So really I need the details for as many different things as humanly possible, but here is a list of the more high-priority things:

Also I know some of the things on this list are well known and easy to find but I'm going to keep them here for the sake of organization.
Title: Re: Where are the graphics for... well... everything?
Post by: Dragonsbrethren on August 16, 2013, 12:48:53 PM
Unheadered binary offsets:

Code: [Select]
0x48000 - 0x4FFDF:  Monster Graphics 1 (3BPP)
0x50000 - 0x56EFF:  Monster Graphics 2 (3BPP)

0x57000 - 0x57FFF: Font (2BPP)

0x58000 - 0x5FD57: Monster Graphics 3 (3BPP)
0x60000 - 0x616F7: Monster Graphics 4 (3BPP)
0x616F8 - 0x632F7: Zeromus Transformed Graphics (4BPP)
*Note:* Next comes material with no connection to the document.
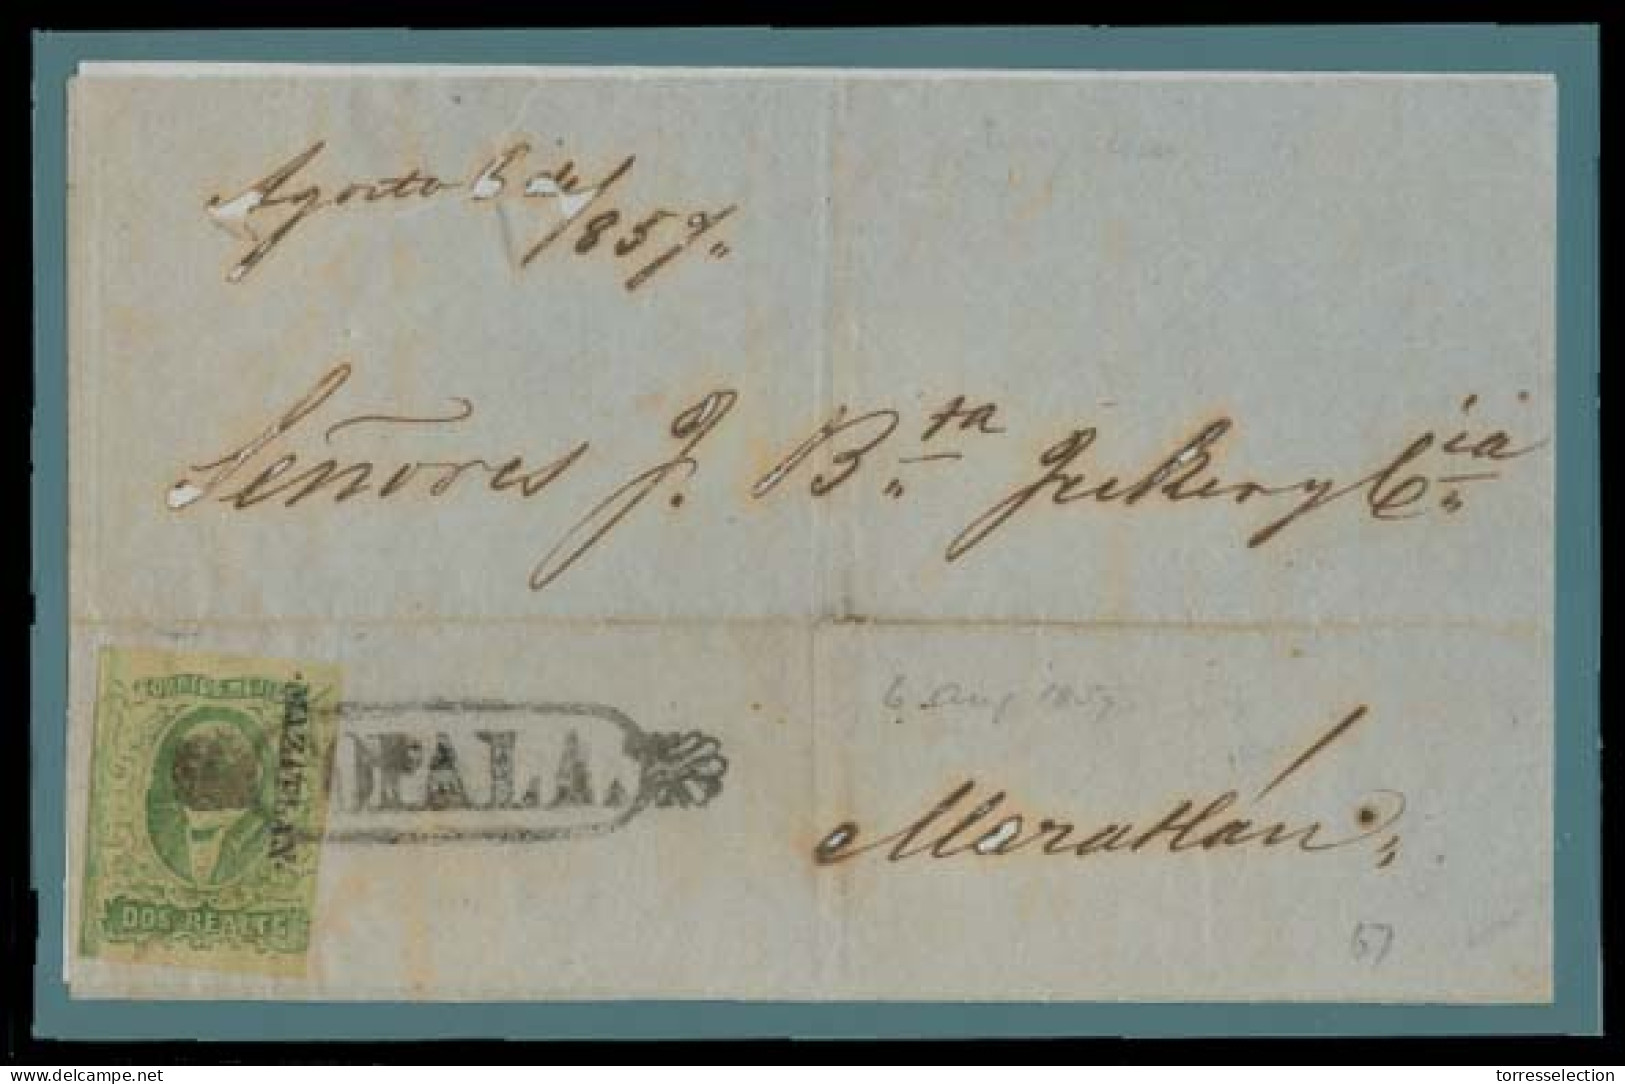 MEXICO. 1857 (6 Ago). Copala - Magatlan. Docketed E Front Bearing 1856 2rs Green - Green, Distric Name, Oval Ornamental  - México
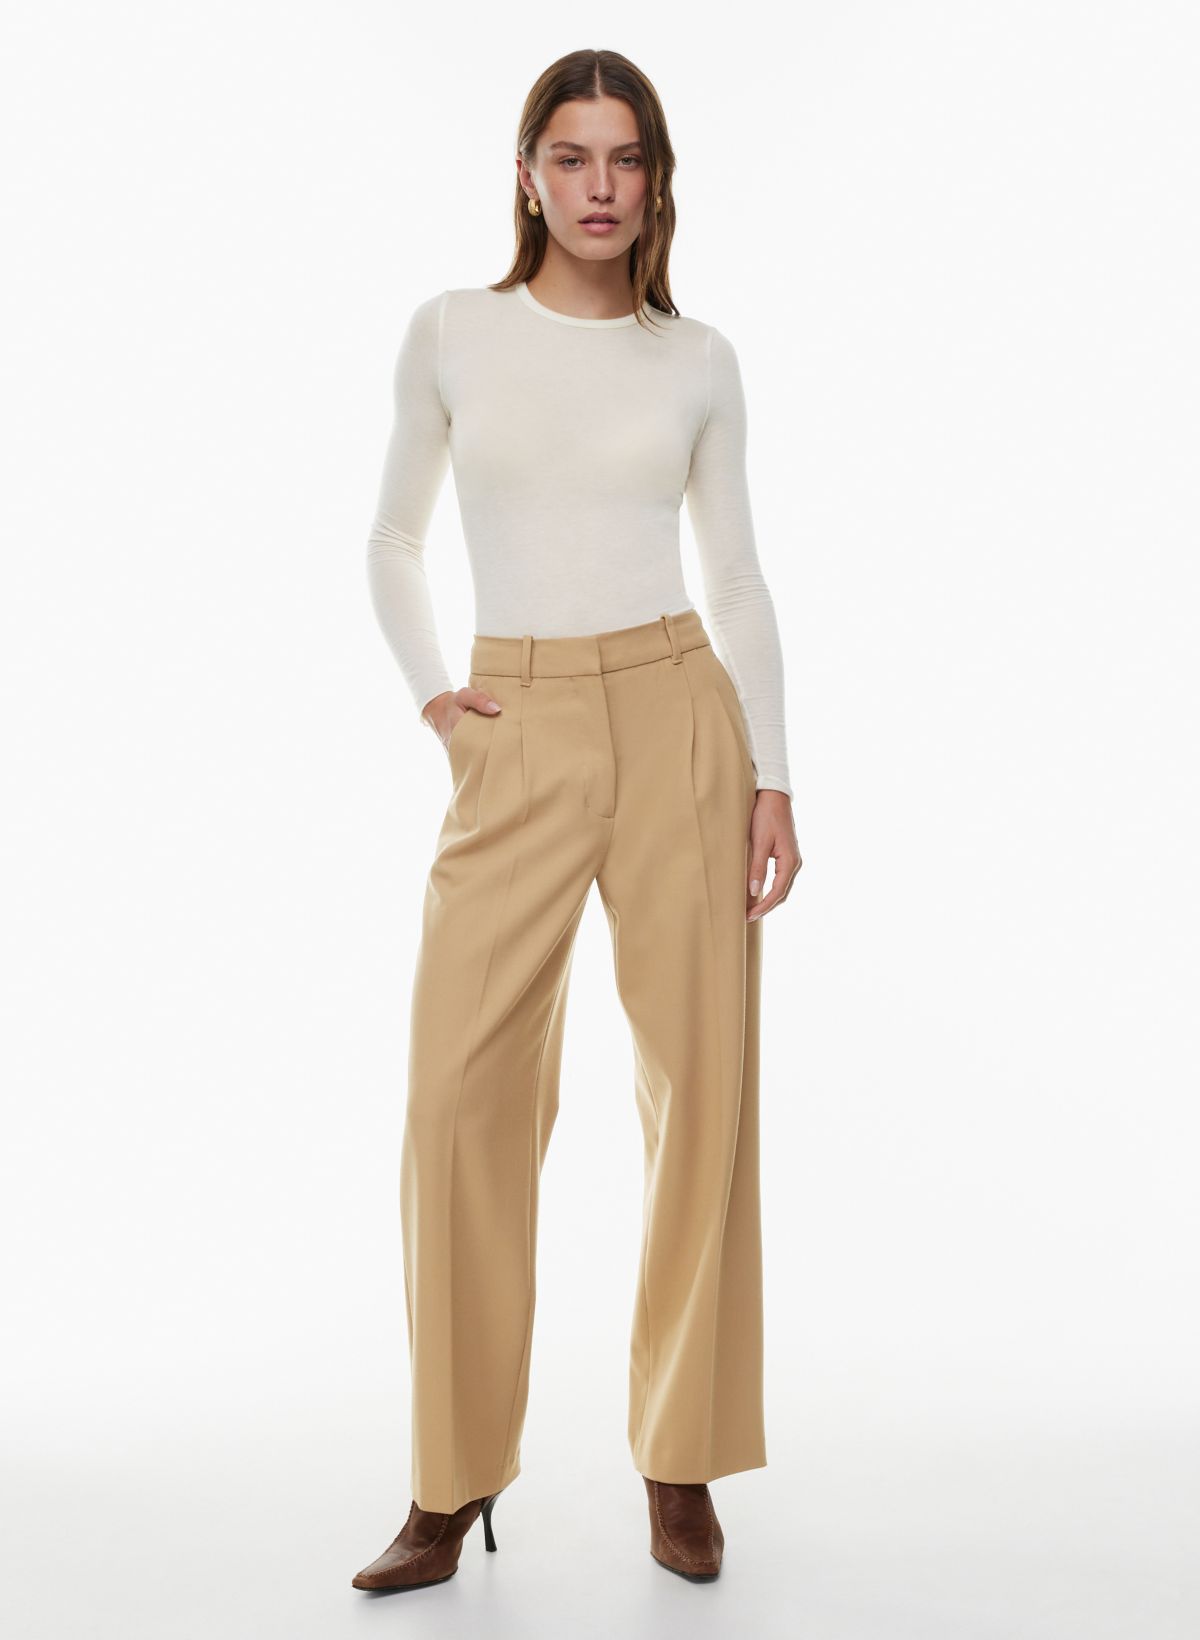 Buy Casual Elegance: Women's Brown 6-Pocket Pants - Effortless

0x636C0 - 0x67277: Spell Effect Graphics (3BPP)

0x679C0 - 0x67FEF: Battle Status and Numeral Graphics (3BPP)

0x68818 - 0x6E397: Summoned Monster Graphics (3BPP)

0xACC00 - 0xAD83F: Ending Solar System Graphics (4BPP)

0xADC00 - 0xAFFFF: Airship Tileset (4BPP)

0xD0000 - 0xD7DFF: Battle Character Sprites [800 per char, Golbez/Anna shared] (4BPP)
0xD8000 - 0xDB2FF: Playable Character Field/Overworld Sprites [200 per char] (3BPP)
0xDB300 - 0xDFFDF: NPC Field Sprites (3BPP)
0xE0000 - 0xE27EF: Overworld Sprites (3BPP)

0xE5900 - 0xE637F: Battle Weapon Sprites (3BPP)
0xE6380 - 0xE6DFF: Battle Weapon Slash Sprites (3BPP)

0xED3C0 - 0xEED3F: Character Menu Portraits (3BPP)

0xEED40 - 0xEFFFF: Castle Exterior Tileset (3BPP)
0xF0020 - 0xF1567: Cave Magnes/Sealed Cave Tileset (3BPP)
0xF1568 - 0xFE7F8: Remaining Tilesets [can break these down later] (3BPP)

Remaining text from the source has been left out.